The impossible wheel, also known as the BC wheel (after the comic strip B.C.), represents the most basic type of unicycle, consisting of a single, spoked wheel with pegs extending from the axle. The rider mounts the wheel by jumping onto the pegs while in motion or by putting one foot onto one plate or peg and pushing along like a skateboard.

This device has no drivetrain, so when forward inertia runs out due to gravity and friction, the ride ends. Newer BC wheels use plates which hang below the axle instead of pegs in line with the axle. This makes them easier to ride since the center of gravity is lower.  

The unicycling community favors the term BC wheel because the device is not actually impossible to ride; proficiency can be gained with a few hours of practice.
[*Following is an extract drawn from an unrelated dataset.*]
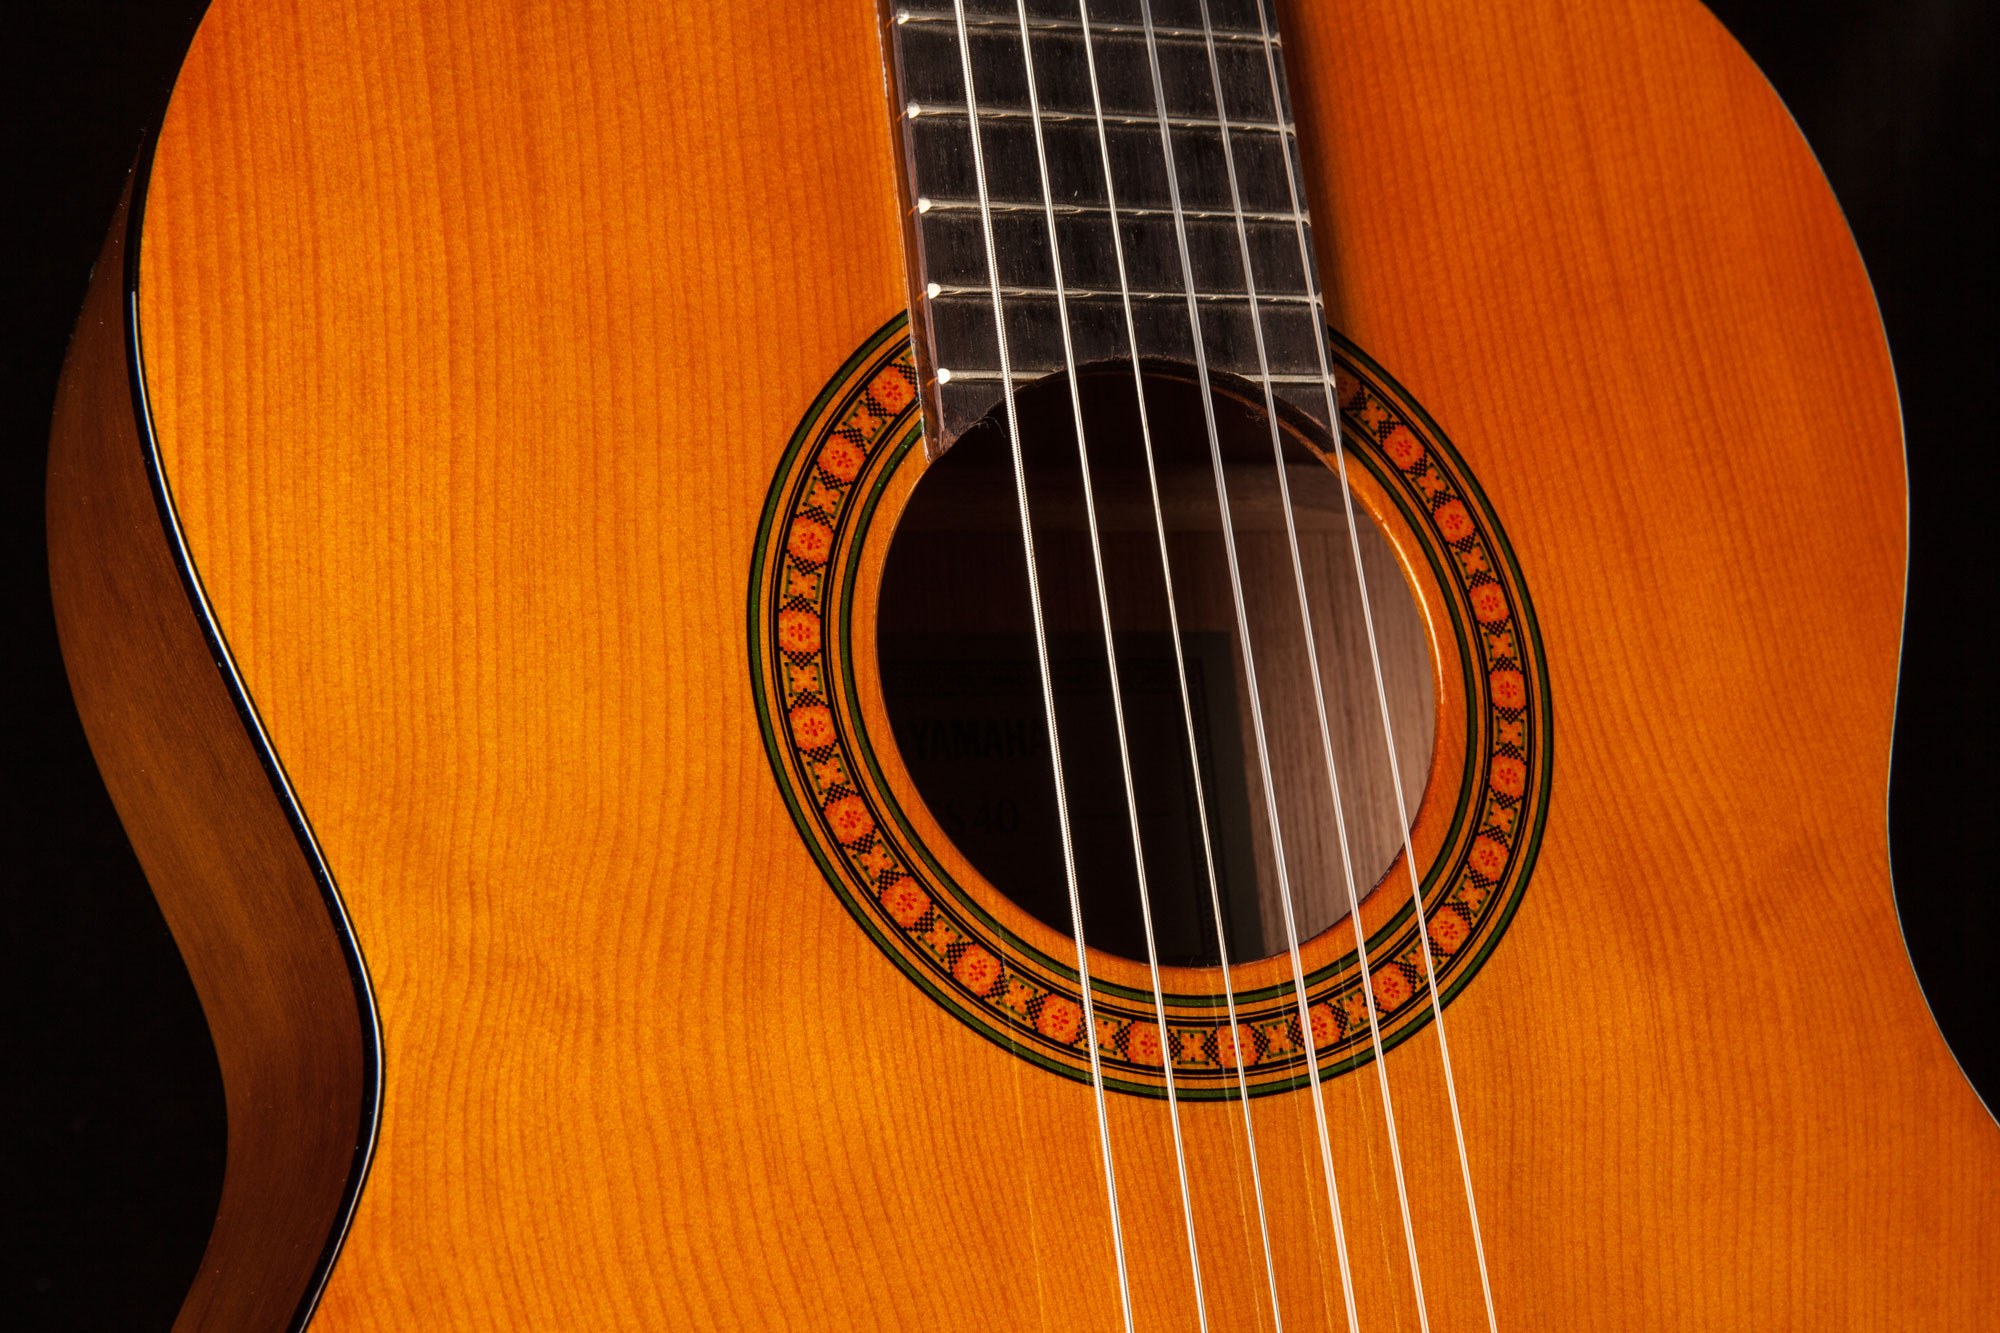 yamaha cs40 mk ii three quarter size classical guitar in natural finish yamaha music london. Black Bedroom Furniture Sets. Home Design Ideas

Tricks, such as hopping, drops, grinds, and spins, are possible.

Ultimate wheel

An ultimate wheel is a wheel with two pedals directly connected – similar to a unicycle and impossible wheel. It has no seat or frame but offset and functional pedals. There are several different designs: the most popular involves a solid or semi-solid disk inside a regular small bicycle wheel rim with the pedals attached directly to the disk. A less common style uses metal cross braces instead of wood.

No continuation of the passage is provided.